From: Erzilidanto@aol.com


******
For full MADRE text, go to:
http://www.madre.org/country_haiti_abductingdemocracy.html


ABDUCTING DEMOCRACY:
A MADRE STATEMENT ON HAITI’S 33RD COUP D’ETAT


By Yifat Susskind, Associate Director
March 2004

On February 29, 2004, Haiti’s first democratically elected president,
Jean-Bertrand Aristide, was overthrown for the second time in 13 years. The
opposition gangs that placed millions of Haitians under siege are armed with
sophisticated weapons, including US-made M-16s and rocket-propelled grenade launchers.
This was no popular insurgency from Haiti’s grassroots, but a military
operation funded and orchestrated by the US. The nucleus of the armed opposition is
the FRAPH paramilitary that overthrew Aristide in 1991. When the US restored
Aristide to power in 1994, the Marines were ordered not to disarm the FRAPH.
Instead, the death squads were treated as a legitimate opposition and left in the
wings to serve as a contingency plan to Aristide.

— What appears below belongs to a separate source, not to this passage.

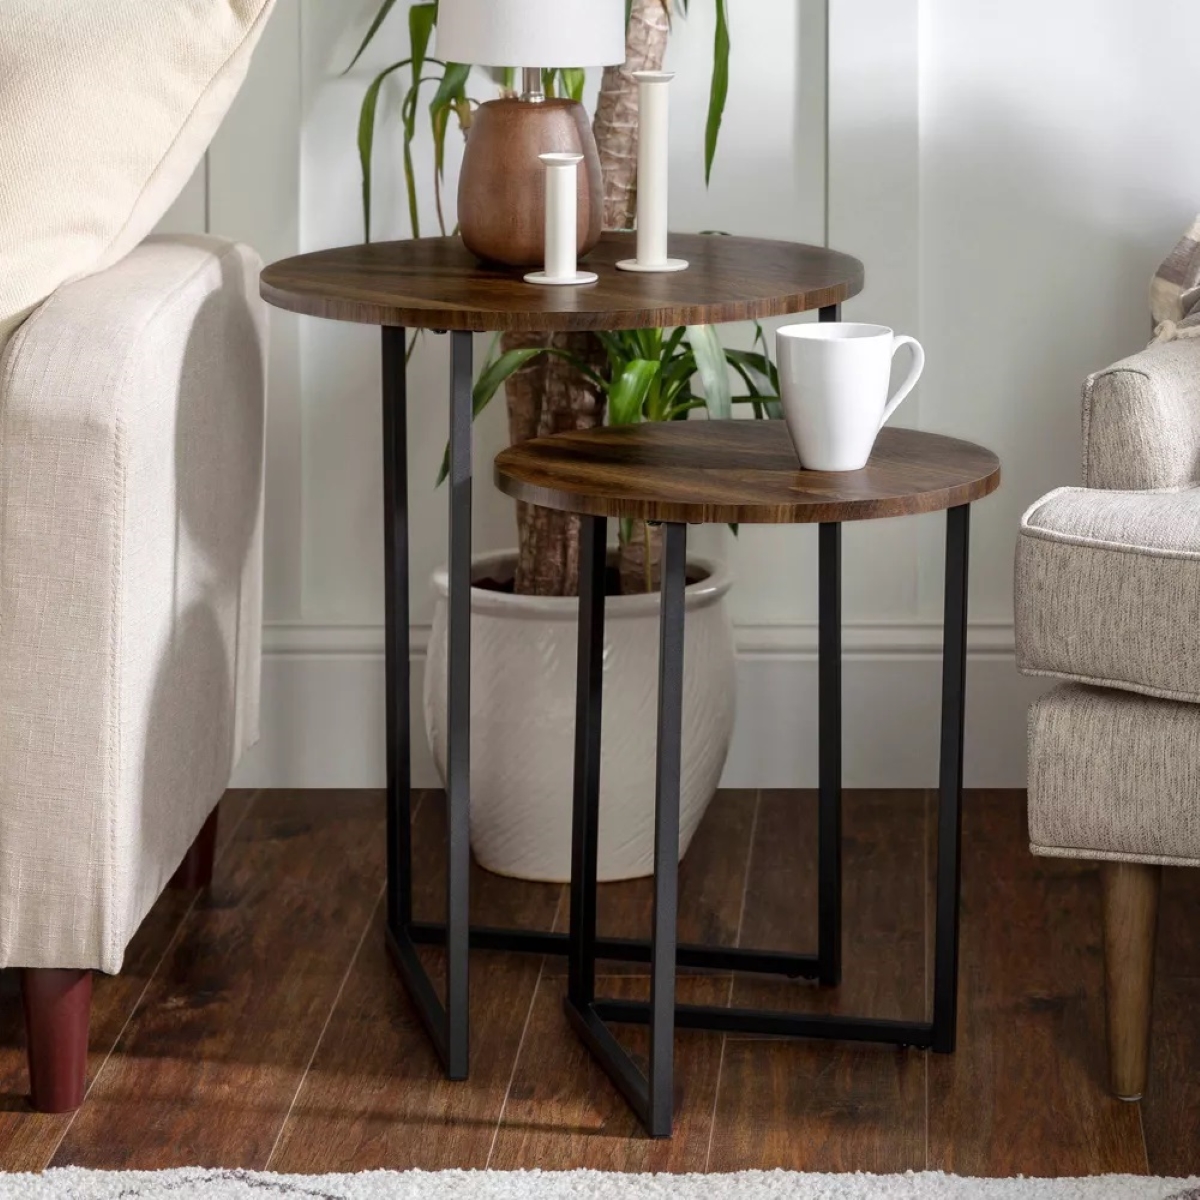 apartment decor ideas - nesting side tables

With the implementation of
that plan, the Bush Administration offers yet another display of its contempt
for democracy, sending a clear signal from Haiti about how it will treat any
defenseless country that it cannot fully control.

------------------------------------------------------------------------


The Humanitarian Crisis


*   Continued violence and growing shortages of food, water, fuel and
essential medicines in the hemisphere’s poorest country threaten millions of Haitian
women and their families. In Haiti’s poorest areas, home to most of President
Aristide’s political base, armed opposition gangs are reportedly hunting down
and killing Aristide supporters.

*   Homes, hospitals, schools, police stations and other government
buildings, as well as grassroots institutions, are being burned and looted by
opposition gangs. Attacks on these facilities are severely limiting people’s access to
health care, education and other basic services.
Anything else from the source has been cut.